Clinical spectrum of individuals with pathogenic NF1 missense variants affecting p.Met1149, p.Arg1276, and p.Lys1423: genotype-phenotype study in neurofibromatosis type 1.

We report 281 individuals carrying a pathogenic recurrent NF1 missense variant at p.Met1149, p.Arg1276, or p.Lys1423, representing three nontruncating NF1 hotspots in the University of Alabama at Birmingham (UAB) cohort, together identified in 1.8% of unrelated NF1 individuals. About 25% (95% confidence interval: 20.5-31.2%) of individuals heterozygous for a pathogenic NF1 p.Met1149, p.Arg1276, or p.Lys1423 missense variant had a Noonan-like phenotype, which is significantly more compared with the "classic" NF1-affected cohorts (all p < .0001).
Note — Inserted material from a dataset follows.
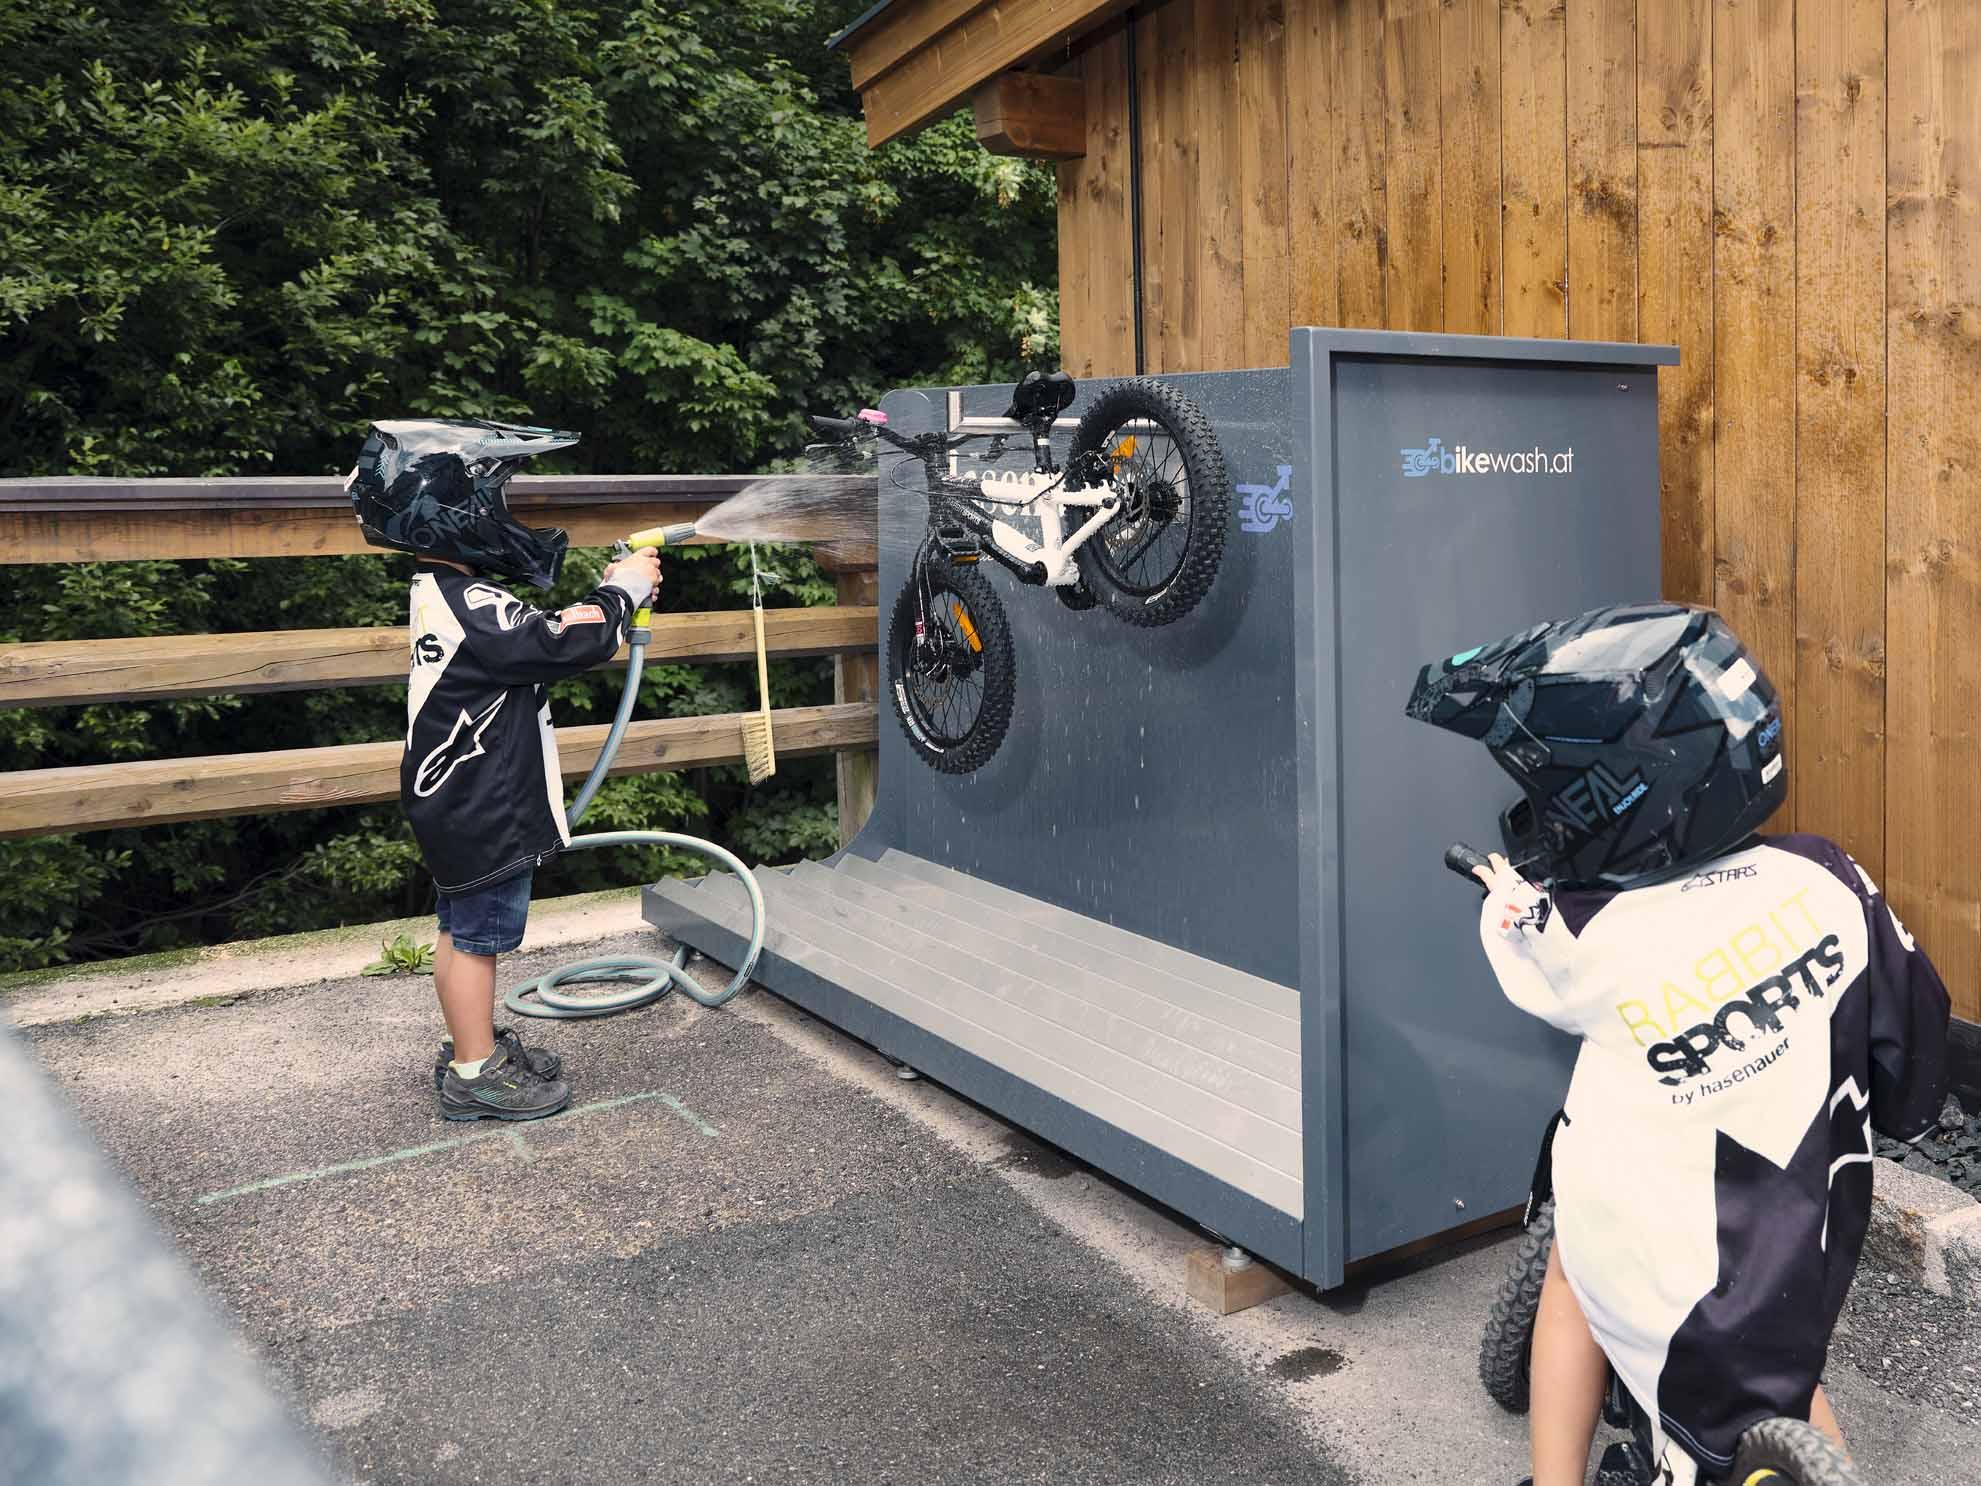 Kinder waschen das Bike am Bike-Waschplatz

Furthermore, p.Arg1276 and p.Lys1423 pathogenic missense variants were associated with a high prevalence of cardiovascular abnormalities, including pulmonic stenosis (all p < .0001), while p.Arg1276 variants had a high prevalence of symptomatic spinal neurofibromas (p < .0001) compared with "classic" NF1-affected cohorts. However, p.Met1149-positive individuals had a mild phenotype, characterized mainly by pigmentary manifestations without externally visible plexiform neurofibromas, symptomatic spinal neurofibromas or symptomatic optic pathway gliomas. As up to 0.4% of unrelated individuals in the UAB cohort carries a p.Met1149 missense variant, this finding will contribute to more accurate stratification of a significant number of NF1 individuals. Although clinically relevant genotype-phenotype correlations are rare in NF1, each affecting only a small percentage of individuals, together they impact counseling and management of a significant number of the NF1 population.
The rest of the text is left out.